WASHINGTON — Forget the Wilmington basement. This time he will have a Rose Garden. And Air Force One and a big white mansion and all the other advantages of incumbency in a year when he is not forced by a pandemic to stick to streaming from downstairs.

But as President Biden prepares to run for a second term, his team is mapping out a strategy for 2024 that in many other ways resembles that of 2020. Whether he ultimately faces Donald J. Trump again or another Republican trying to be like Mr. Trump, the president plans a campaign message that still boils down to three words: Competent beats crazy.

Whether he can sell that theme again represents a singular challenge given surveys showing that the public has not exactly rallied behind him and harbors deep doubts about his age. When Mr. Biden kicks off his re-election campaign this spring, as is widely expected, he will be the oldest president in history but one of the lowest-rated in the modern period, presiding over an economy that is improving but unsettled and leading a party publicly behind him but privately angst-ridden. And rather than Mr. Trump, he may yet face a Republican challenger closer to the age of his son.

The goal, according to interviews with White House officials, outside advisers, key allies and party strategists, is to frame the race as a contest, not a referendum on Mr. Biden. On one side, in this narrative, will be a mature, seasoned leader with a raft of legislation on his record aimed at winning back working-class Democrats. On the other will be an ideologically driven, conspiracy-minded opposition consumed by its own internal power struggles and tethered to a leader facing multiple investigations for trying to overturn a democratic election.

“It’s incumbent on the president and his team to make sure the election is a choice,” said Lis Smith, a senior adviser to Pete Buttigieg during the 2020 Democratic primary campaign. “It’s not going to be Joe Biden versus some mythical Democratic candidate.

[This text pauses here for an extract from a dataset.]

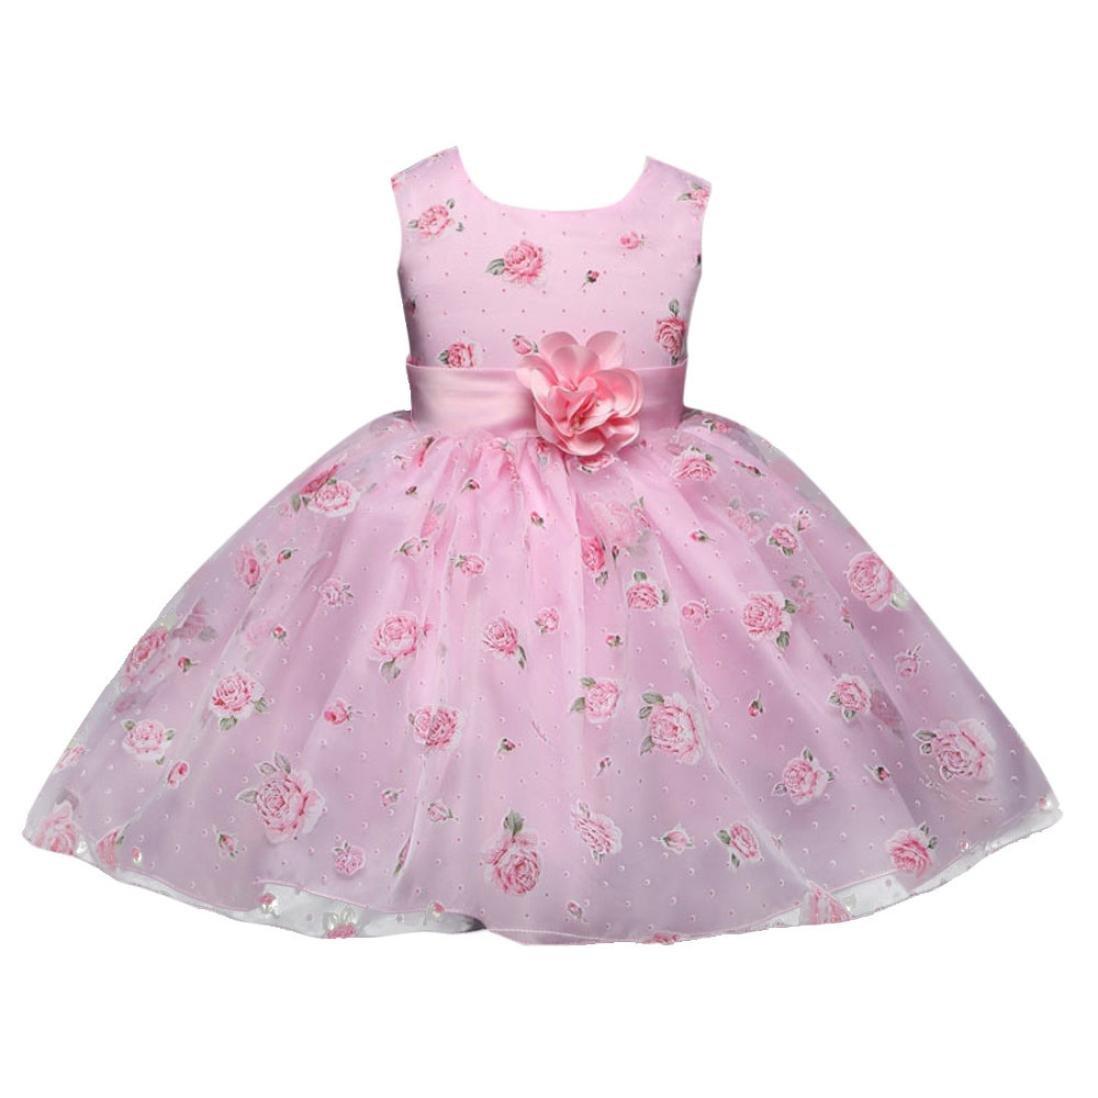 Prinzessin Kleid Mädchen Rosa Abendkleid Festlich Kleid ...
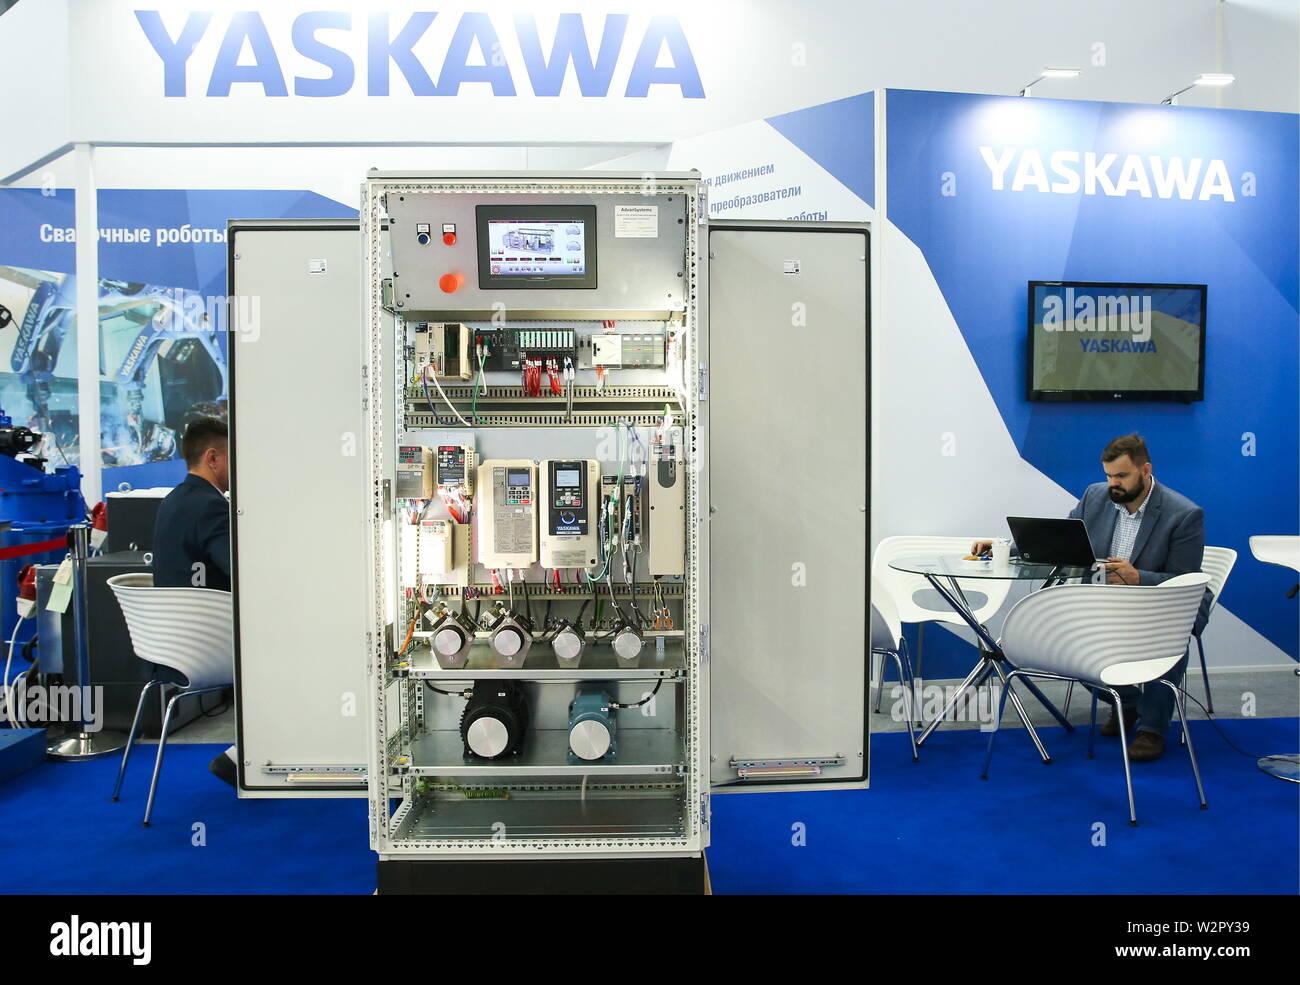 Yaskawa Industrial Robots Stock Photos & Yaskawa Industrial

It’s going to be between Joe Biden and whoever the Republican nominee is.”

Whit Ayres, a veteran Republican pollster, said a rematch between Mr. Biden and Mr. Trump would be the best scenario for the president. “At this point, President Biden just needs to seem like he is still very much with it and able to do the job and at that point his fate is largely out of his hands,” Mr. Ayres said. “He’s got to pray the Republicans blow themselves up again.”

Mr. Biden previewed his approach in his State of the Union address this month when he baited Republicans into a debate over Social Security and Medicare, then pressed his argument during appearances in Wisconsin and Florida. He used the nationally televised speech before Congress to highlight his legislative successes while focusing on pocketbook issues to reach out to voters upset at him over inflation.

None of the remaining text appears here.